My question is how "noisy" are apartment condos, as regarding the noise of people walking around?

Are the floors generally concrete and quiet?

I realize that likely we won't hear our own noise.........as the condos are all on one level, but what about the people above us?

Should we consider a top floor unit for more quiet?

I would rather not have to deal with elevators and groceries, and would prefer a lower unit that we could walk up to, but our preferred sites are only 7 story buildings anyways, so a top floor isn't terribly bad.

I know some people don't like the condo idea, equating them to concrete boxes, but some of the ones we have seen are quite large and gorgeous and offer some nice amenities such as indoor pools, health clubs, generous balconies the length of the units, underground parking, and fully landscaped grounds set back from the road.

Our major concern is noise.........but all comments are appreciated.


----------



## Jay (May 9, 2012)

I live an older lowrise condo that is concrete with hardwoor, and noise, for the most part is not an issue. I know what you mean about an older house with hardwood being noisy - and in my experience, that is not so much from the hardwood, but the subfloor the structure of the house in general. Perhaps carpet absorbs some of it. I think having concrete is important... some of the newer low-rise buildings are being made out of wood. 

Also important are things like the placement of rooms in your unit in relation to the unit next door, the placement of your exterior door in the hall relative to other doors, and generally how noisy your neighbours are. I don't think we ever hear anything from our upstairs neighbours - unless they drop something or are doing renovations. 

Condos can be great to live in - just understand that they are not maintenance free. The biggest maintenance in my experience, is making sure to keep tabs on your board of directors (join it if you can - and read up on the condo law), and your property manager (many love to take advance of naive boards). A review of the condo status certificate is a must, though I feel those usually don't tell the whole story. I'd suggest a thorough inspection of the common areas before purchasing - they are a big indicator of how the condo is being managed. If possible, speak with a unit owner or two who aren't currently selling their units to get a more unbiased opinion of the condo. I've yet to meet a condo owner who was selling say their condo was anything but "Well managed", regardless of the obvious truth.


----------



## donald (Apr 18, 2011)

I just moved into a apartment/condo(broadstreet properties built)and i am on the main floor,it has'nt been bad at all(noise from above,5 story building)the odd time i can hear suffling but that is to be expected.(only the plumbing i here on a regular basis)

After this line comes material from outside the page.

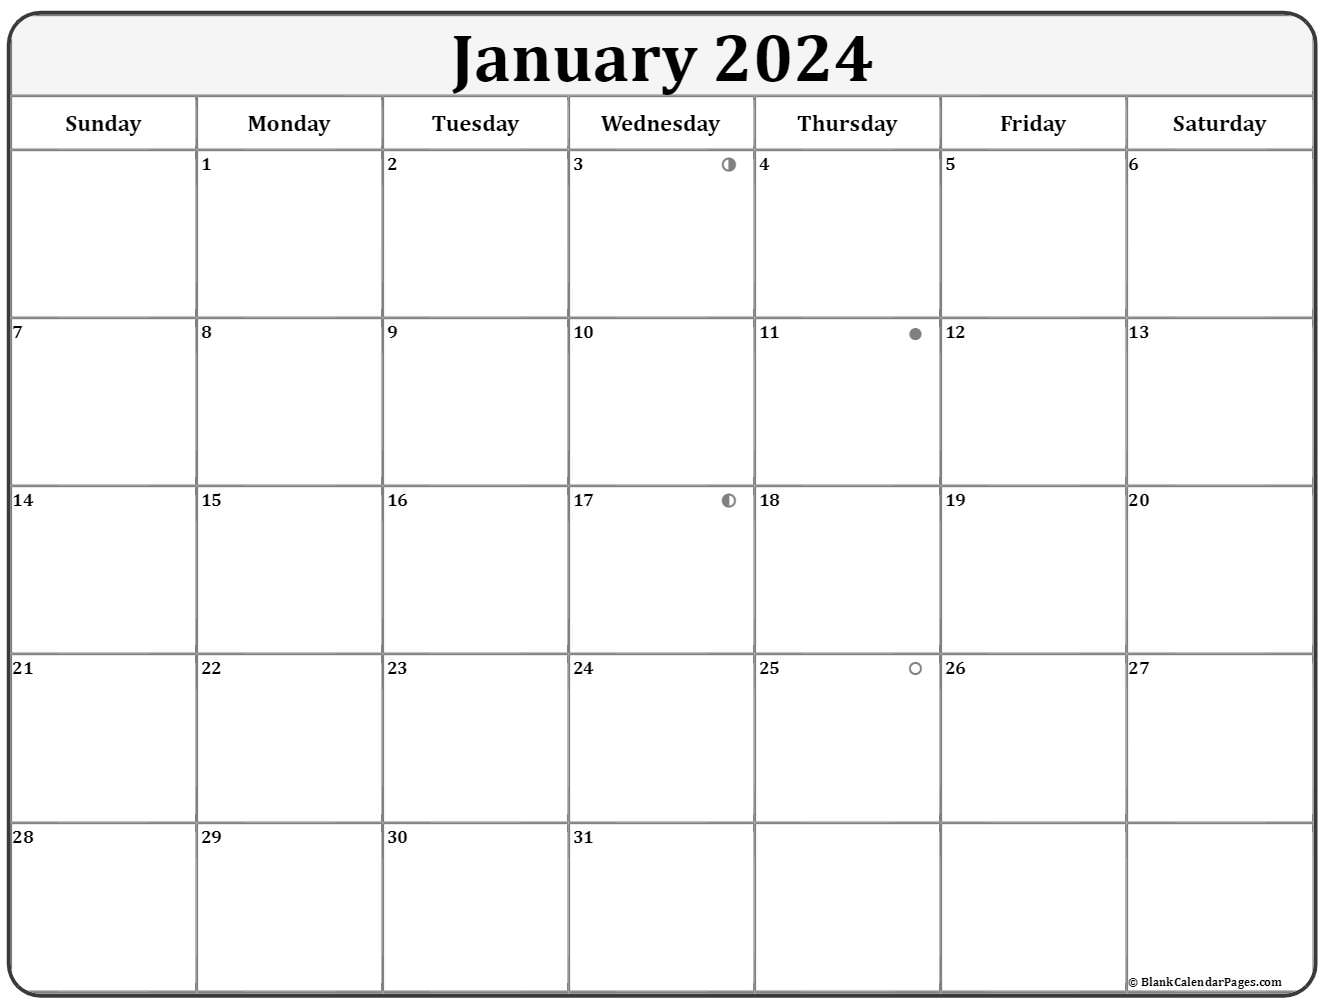 lunar-calendar-2023-usa-calendar-march-2023-lunar-moon-phase-printable

What i would do is ask the sales rep of the condo(they should disclose,i would think)a spec sheet on the building-most new build are using-eng i-joists,which is good,see what the joists are on center 16 inch,2' ft on center(closer the better for noise from above)what thickness is the sub floor-1/2 inch or 7/8(floor sheating).If you can look @ the spec sheet you will be able to tell(hopefully the specs are upgraded slightly from bare minimum code)

The only floor that is concrete will be the main(even then it might not be,if they have a small crawl space)This advic is only if the building is newer.Other than that maybe approach a patron in the said building your looking @ and ask questions.


----------



## sags (May 15, 2010)

Thanks for the tips........I will make a list of things to remember when the time comes......


----------



## Mall Guy (Sep 14, 2011)

Although it may sound convenient, don't buy next to the elevator ( they whirl, ding, ring, buzz and make other sounds especially at night). On the other hand, being next to the stairwell means you will only have one party wall.


----------